Studio album by Ginger Baker
- Released: 1972
- Recorded: August 1971 1969 ("Blood Brothers 69")
- Studio: Morgan Studios IBC Studios ("Blood Brothers 69")
- Genre: Rock, Afrobeat, jazz fusion
- Length: 36:28
- Label: Polydor (original UK release) Atco (original US release) RSO (European reissue)
- Producer: Ginger Baker

Ginger Baker chronology
| Winwood and Friends (1972) | Stratavarious (1972) | Baker Gurvitz Army (1974) |

= Stratavarious =

1972 studio album by Ginger Baker

Stratavarious is an album by Ginger Baker, released by Polydor in 1972. Baker had many associations with an eclectic mix of musicians brought together under numerous band titles bearing his surname. Stratavarious is the only album that was released under the name of Ginger Baker without other associated names. The lineup on Stratavarious included Bobby Tench, vocalist and guitarist from The Jeff Beck Group, who plays guitar and bass as well as singing under the pseudonym Bobby Gass and the Nigerian pioneer of Afrobeat, Fela Kuti who appeared at concerts with Baker at this time.

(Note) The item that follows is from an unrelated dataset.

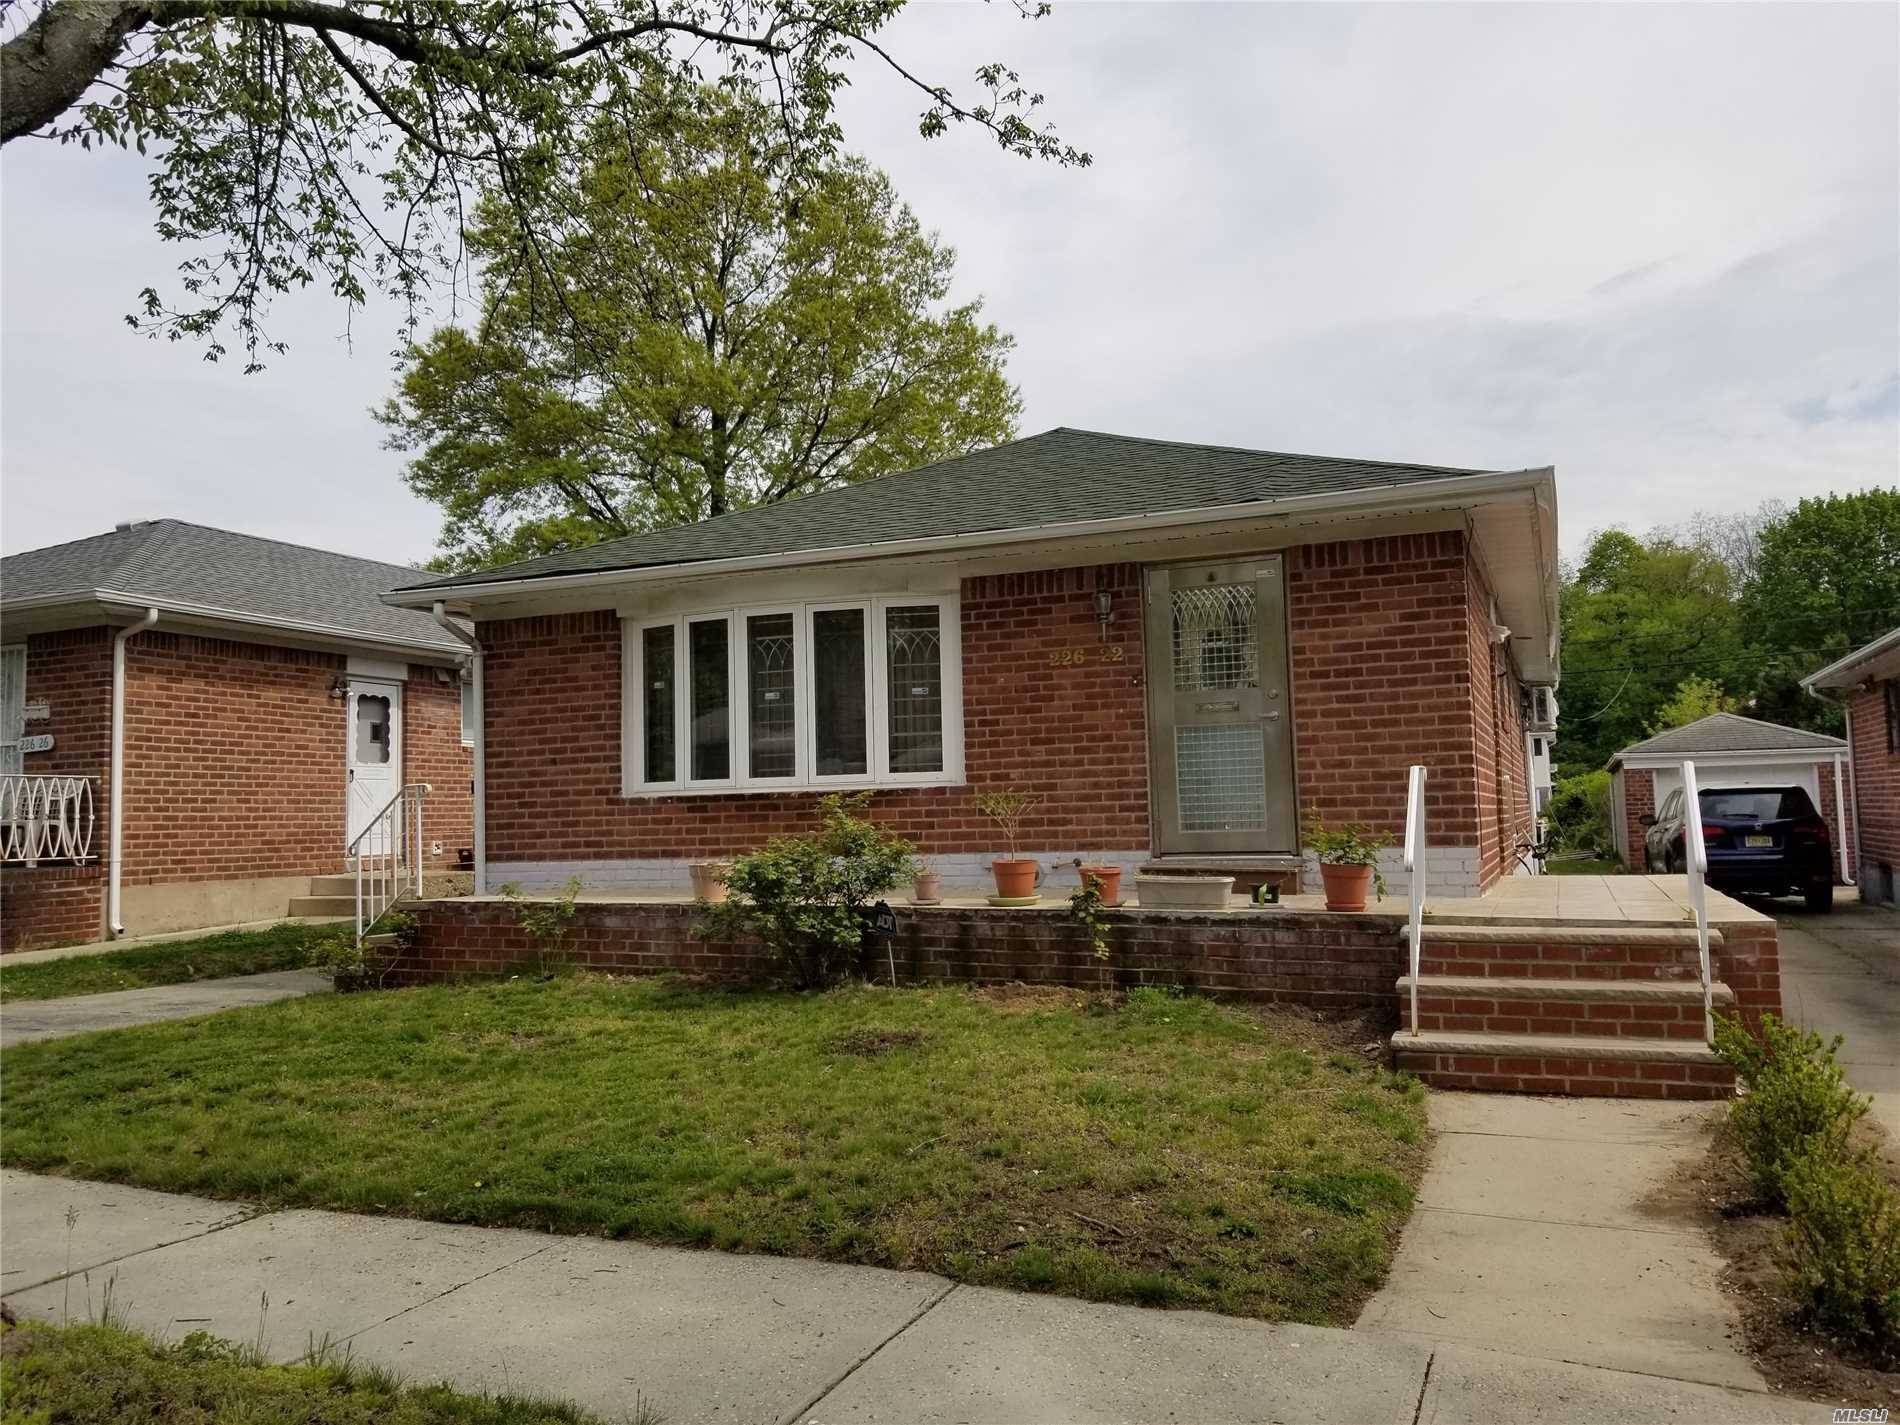 Desirable Oakland Gardens Near To Alley Pond Park, Solid Whole Brick Ranch With Very Spacious Full Finished Basement On 41X100 Lot, 26.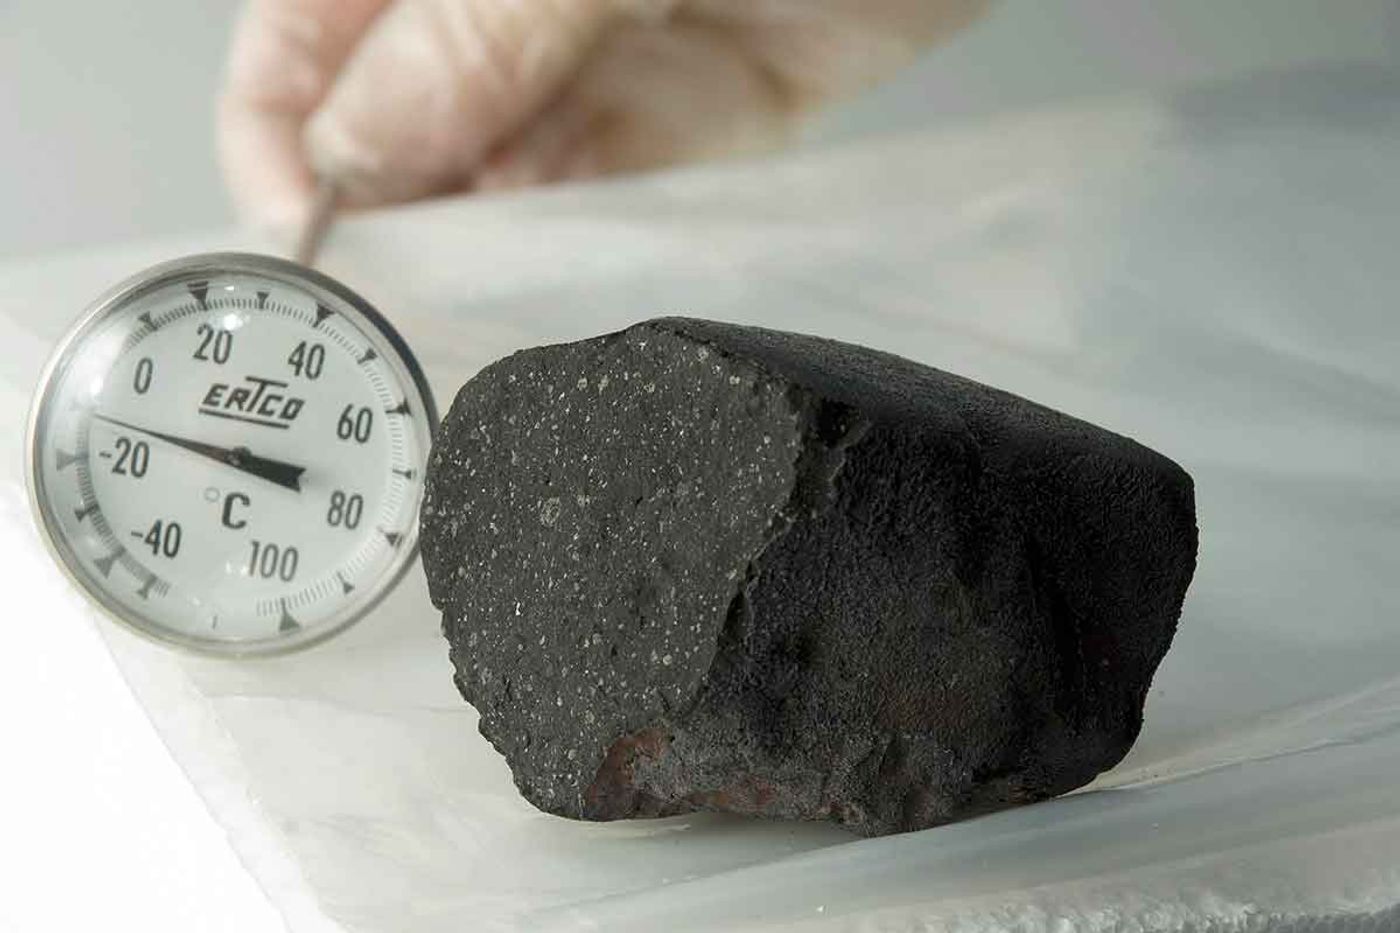 The special meteorite that struck Tagish Lake in Canada in 2000.

The album was re-issued in 1998 on Polygram in the US under the title of Do What You Like, along with all of Ginger Baker's Air Force and Ginger Baker's Air Force 2.

Professional ratings
Review scores
| Source | Rating |
| Allmusic |  |

== Track listing ==

Side 1
| No. | Title | Length |
|---|---|---|
| 1. | "Ariwo" (Traditional, arranged by Fela Kuti and Ginger Baker) | 11:10 |
| 2. | "Tiwa (It's Our Own)" (Kuti) | 5:51 |

Side 2
| No. | Title | Length |
|---|---|---|
| 3. | "Something Nice" (Bobby Tench, Baker) | 4:21 |
| 4. | "Ju Ju" (Tench) | 4:20 |
| 5. | "Blood Brothers 69" (Baker, Guy Warren) | 8:00 |
| 6. | "Coda" (Baker) | 2:46 |

==Personnel==
- Ginger Baker - Drums, percussion, spoken word (6), effects (6)
- Fela Kuti - Organ (1 & 2), vocals (1 & 2), piano (3 & 4), choir (4)
- Bobby Tench - Bass (1–4), guitar (3 & 4), vocals (3 & 4)
- Alhaji JK Brimar - Percussion (1 & 2), choir (1, 2 & 4)
- Guy Warren - Drums (5)
- Damon Lyon-Shaw - Engineering (5)
- Dusty, Remi, Sandra - Choir (1–4)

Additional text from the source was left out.